- Developer(s): Edu-Ware
- Publisher(s): Edu-Ware
- Designer(s): Steven Pederson
- Platform(s): Apple II
- Release: NA: 1980;
- Genre(s): Strategy
- Mode(s): Multiplayer

= Terrorist (video game) =

1980 video game

Terrorist is a real-time, two-player strategy game developed by Steven Pederson of Edu-Ware Services for the Apple II and published in 1980. One player plays the government authority, while the other plays a terrorist organization in three scenarios: the capture of a building and taking of hostages, air piracy, and nuclear blackmail. Players make their moves at the same time through the use of game paddles. Winner and loser is judged by an elaborate scoring system based upon the government player's societal values and the terrorist player's goals.

==Gameplay==
Terrorist is a two-player game that allows the players to make moves at the same time through the use of the Apple II's game paddles.

Title screen

The game begins with one player choosing to be the terrorist and using a scenario generator to define the government in which the terrorist incident will take place. For example, among the societal values of individual rights, state rights, and economic progress, the United States, according to the game puts most of its emphasis on the former, while Japan puts most of its emphasis on the latter.

Next, the terrorist player selects one of three fictional terrorist organizations to play: the International Brotherhood for Liberation, the National Fundamentals Army, or the People's Low Republic. He also develops a list of demands that it will seek from the government that it is terrorizing. For example, the National Fundamentalist Army (NFA) is concerned that a rapist/murder is not being efficiently brought to trial and punished.

Once the political environment and terrorist goals have been set, the action begins in real time. Each player simultaneously and independently calls up different options through the use of the Apple II's game paddles.

Using the paddles to control the game introduces a degree of clumsiness that was intentional. According to designer Pederson, "You are no longer the operator of a computer, you are simulating the role of a decision maker. Your decision may or may not be executed, or may be executed too late. Just because the head of state or leader of a movement gets credit for whatever actions are taken does not mean that they are in full control of all events.".

==Reception==
Terrorist, like most games from Edu-Ware's zip-lock bag era, sold only a few hundred units. However, it was well reviewed, receiving an "A" rating from Peelings II magazine, noting the well-organized text layout of the game screens. One criticism was that the game's scoring algorithm was opaque and programmer-oriented.

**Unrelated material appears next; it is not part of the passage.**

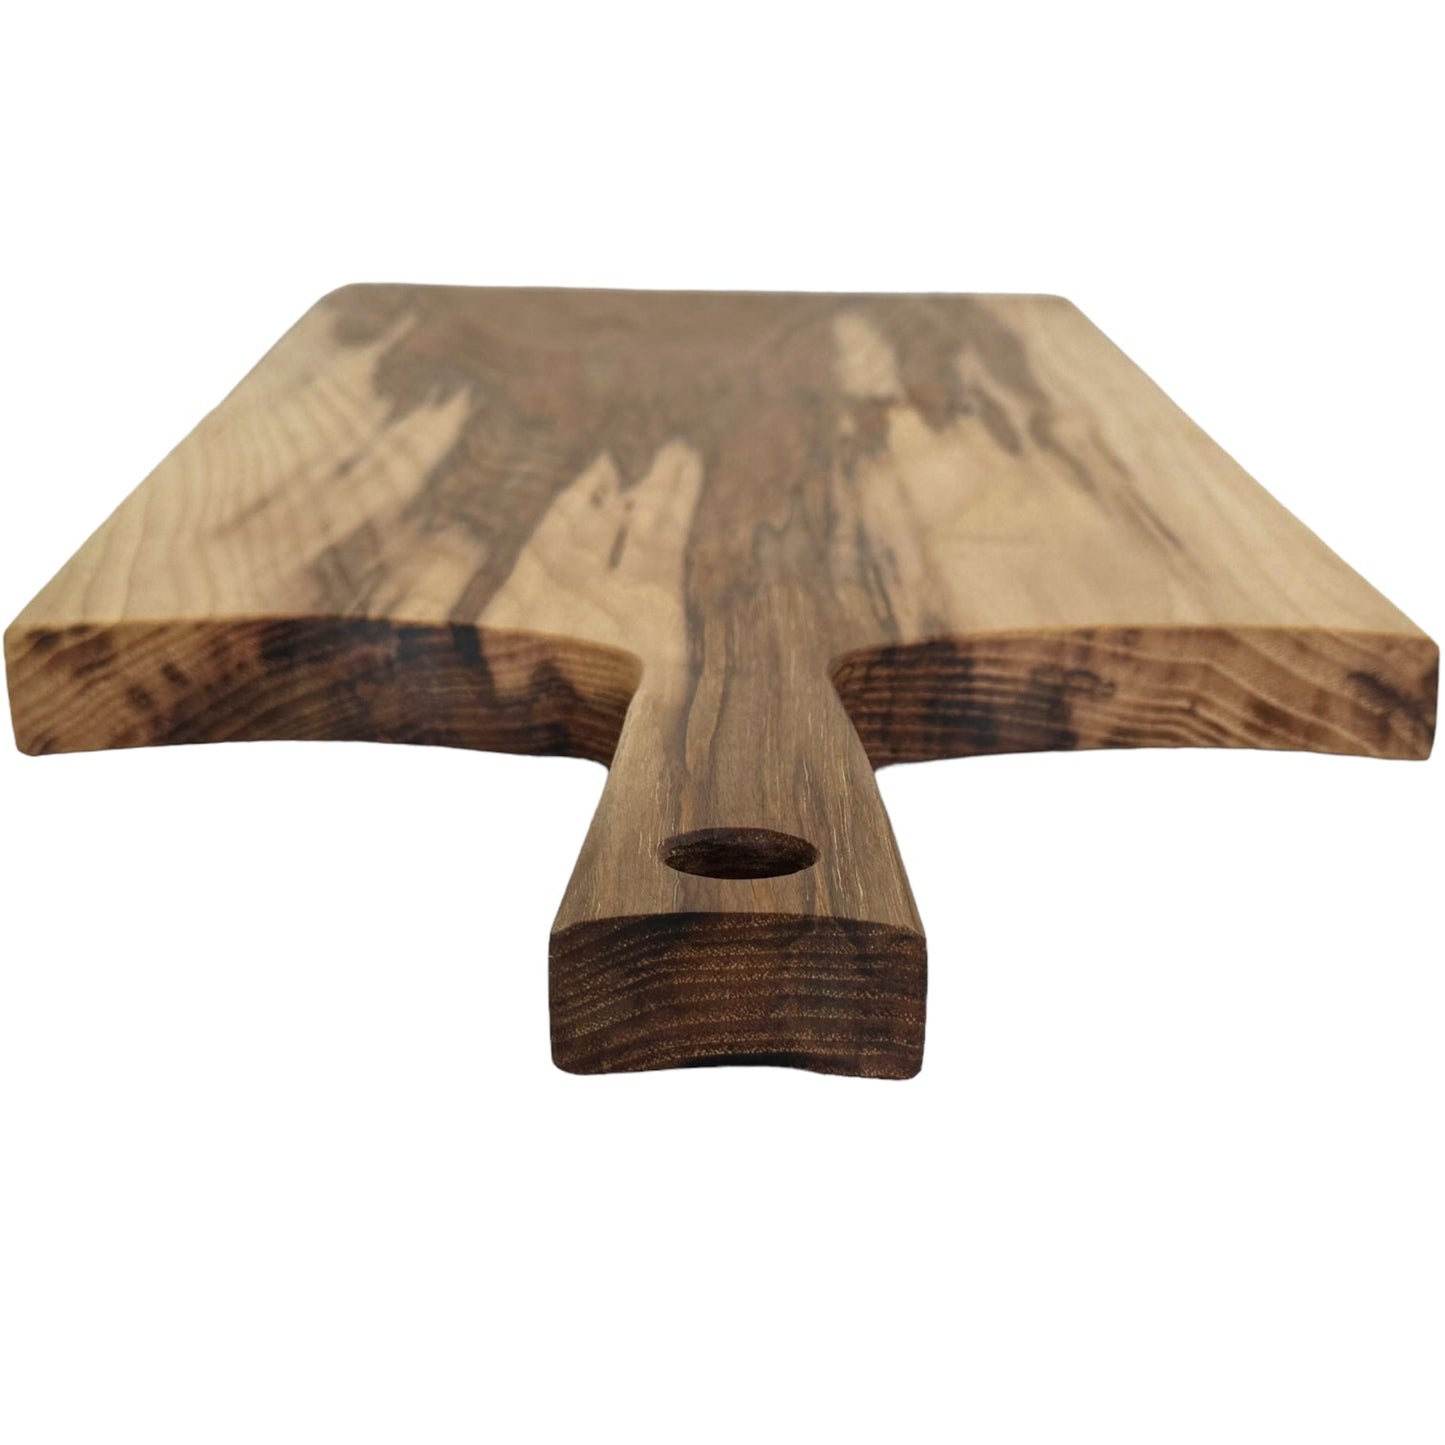 Rustic Handmade Wooden Charcuterie Boards - RTS hickory top of handle detail view

John Martellaro, in his review for Peelings II magazine, noted the game's educational merits, writing, "Terrorist is both a chilling and educational use of a microcomputer... It seems a good place for this program is in a college history or political science class."

Bruce Webster reviewed Terrorist in The Space Gamer No. 31. Webster commented that "The game is not cheap, but if you think you are interested at all in this topic, by all means get it. Just be careful who you play it with; like Diplomacy and other political games, you could lose some friends if they take the game too personally."